O aumento nos casos de dengue está atrelado às mudanças climáticas. Imagem gerada por IA/Filipe Augusto Peres |
No dia mundial da agricultura é necessário pensar em uma divisão social da terra justa e em um modelo de produção de alimentos que não destrua o meio-ambiente e nem gere fome
Por Filipe Augusto Peres
O país está vivendo uma epidemia de dengue. Chegando a quase 2 milhões de casos e mais de 1000 mortes só no início deste ano. Estados, que, teoricamente, deveriam ser mais frios, como os estados da região sul, têm visto os casos explodirem exponencialmente devido às mudanças climáticas e passam de forma endêmica pelo problema de saúde pública. Só o Rio Grande do Sul já teve mais de 26 mil casos confirmados, 68% do total de casos do ano de 2023.
O mesmo tem ocorrido em países europeus que antes não se pensava ser possível passar por tal problema, uma vez que dengue e chikungunya são epidemias características de países tropicais e subtropicais da América, Ásia e África. Neste cenário, além da culpabilização do El Niño, a explicação está cada vez mais clara: mudanças climáticas.

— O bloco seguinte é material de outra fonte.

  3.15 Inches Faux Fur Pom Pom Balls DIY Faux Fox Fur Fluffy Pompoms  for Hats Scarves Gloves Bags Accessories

Para enfrentar o problema, frequentemente a mídia comercial aborda a necessidade de se promover uma educação ambiental, da necessidade de se promover o engajamento da sociedade civil em incentivar, mediante o consumo, a promoção de práticas agrícolas mais sustentáveis; todas ações para minimizar os danos causados pela ação humana sobre o meio-ambiente. Em um aspecto mais “estrutural”, anunciam a fraude da regulamentação do crédito de carbono como a salvação da lavoura.
Entretanto, ninguém discute o modo de produção de alimentos capitalista e tampouco a concentração de terra, os latifúndios como um dos principais causadores de epidemias, pandemias e crises climáticas. E fica a questão: neste dia mundial da agricultura, no exato momento em que transita no Congresso Nacional o Projeto de Lei 364/2019, que permite desmatar vegetações nativas não florestais em todos os biomas brasileiros, qual a relação do modo de produção da agricultura capitalista, do agronegócio, com a epidemia de dengue no Brasil, no mundo?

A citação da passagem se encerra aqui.